The same principle works so well for Southwest Airlines, as described in the book “Nuts!“. And indeed there seems to be many similarities between the approaches taken by Southwest and Rosenbluth, and the results they achieve.
Both companies enjoy huge financial success. They both lead their markets in quality of service and customer satisfaction. They both have a motivated, caring work force, willing to go very far for their customers, each other and the community. They both care deeply about people, and strive to make work a place where people learn, have fun and grow. They both hire people who have the right personality, and then train them to have the right skill.
The book differs from the Southwest book in it’s structure, and has more of a how-to format. There are chapters on eg. hiring people, on learning, on service and on partnerships. At the end of each chapter, the salient points are summarized. Many of Rosenbluths policies and methods probably work only for them, but many others could be lifted straight into most companies, where they would create instant benefits for both people and the bottom line.
The book has very moving epilogue, that tells the story of how Rosenbluth handled events after the world trade center attack. Their business literally disappeared overnight. Nobody was travelling anywhere. Decisive action was needed, and they had to fire 100’s of people.

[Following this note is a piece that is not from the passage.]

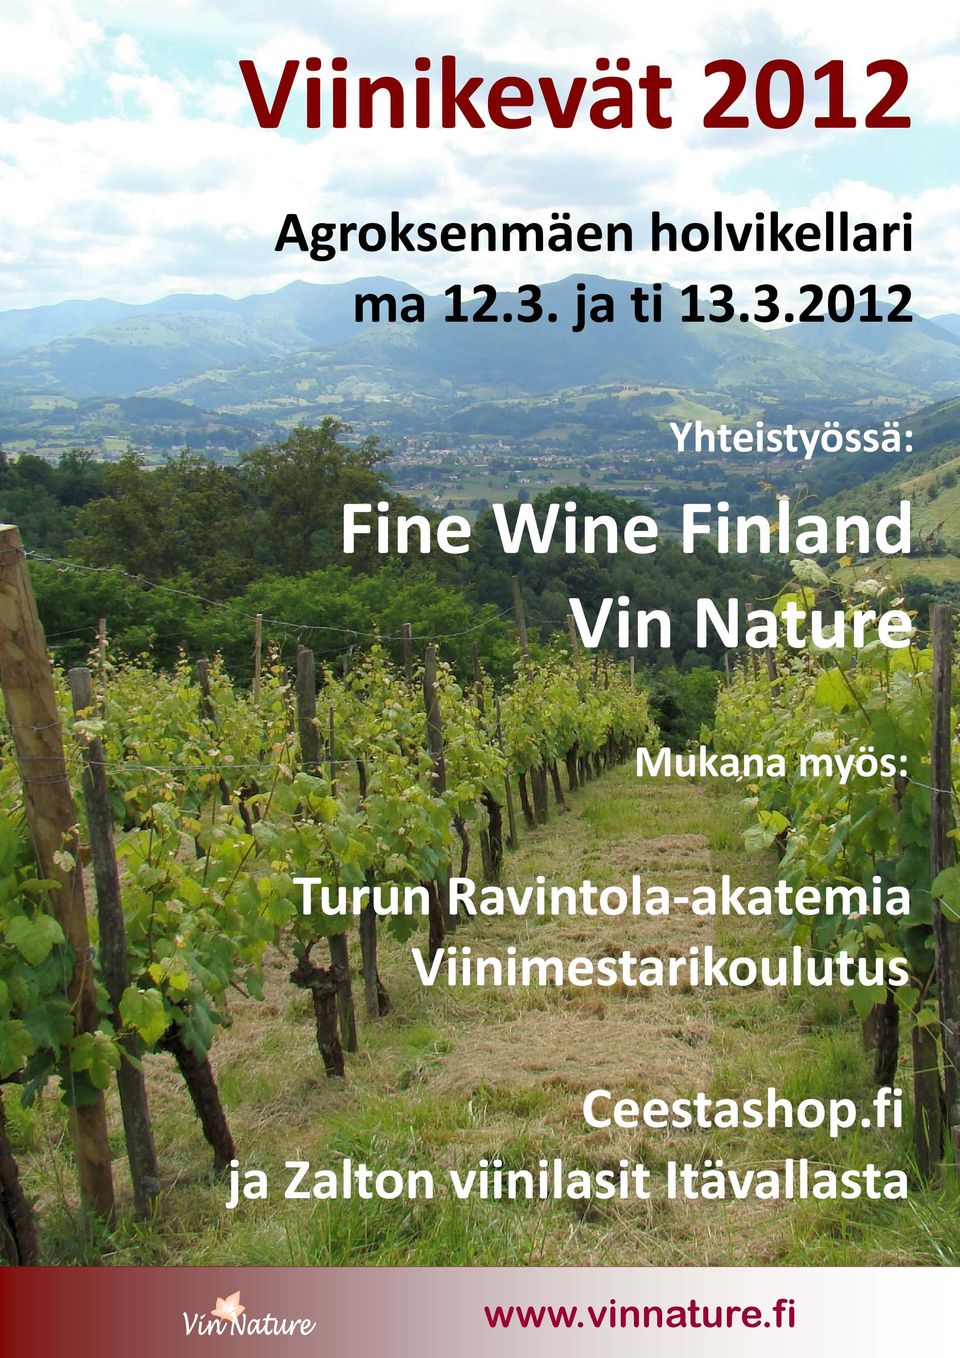 3.20 Yhteistyössä: Fine Wine Finland Vin Nature

In my opinion, a companies commitment to its values are tested mostly in adversity. And Rosenbluth certainly demonstrated the strength of its peoples commitment to each other and to the company. When the layoffs (or furloughs) were announced, people reacted by voluntarily offering to work for less money. People who could afford it asked to be furloughed in stead of colleagues who couldn’t afford it. Leaders took pay cuts, so less of their people would have to be fired.

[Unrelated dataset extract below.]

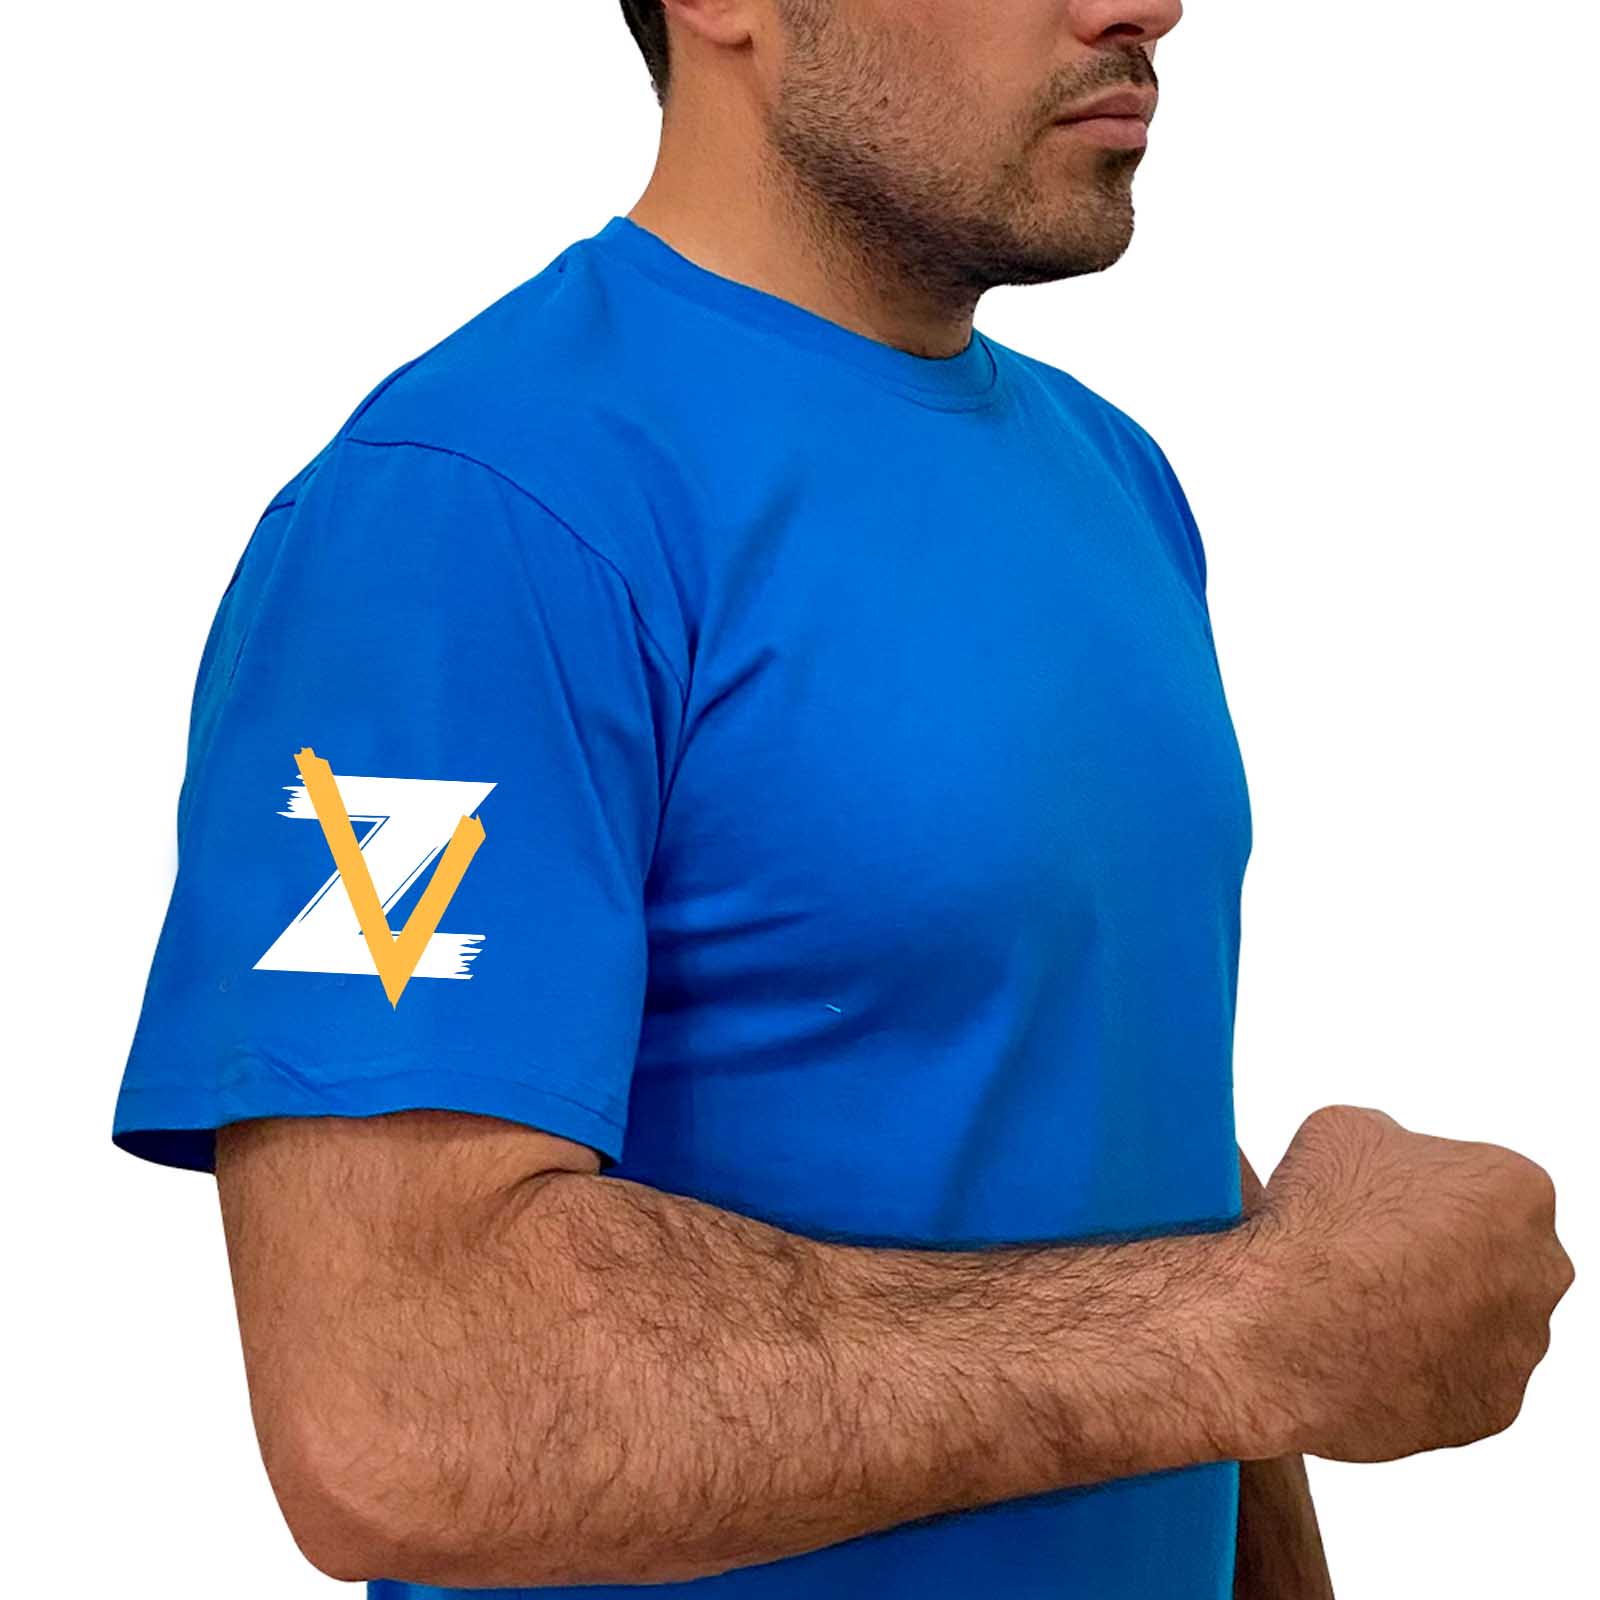 Купить трикотажную стильную футболку Z V с доставкой

And those who were furloughed came by Hal Rosenbluths office in large numbers – to thank him and the company for the good times. I have seen other companies in trouble, and believe me, this sort of behaviour is not common.
The epilogue contains several letters written by Hal Rosenbluth to his associates (as employees are called in that company), and the dedication to the company and love for his people evident in those letters is truly moving. (There it is again – love. It’s an important ingredient in both Southwest’s and Rosenbluth’s culture).
Rosenbluth recovered, and was soon able to bring back most of the people furloughed. Which is what people had been working extra hard to achieve.
I think there’s a lot to learn from Rosenbluth Internation, and the way they do business, and this book makes it easy to learn from them. I recommend it highly!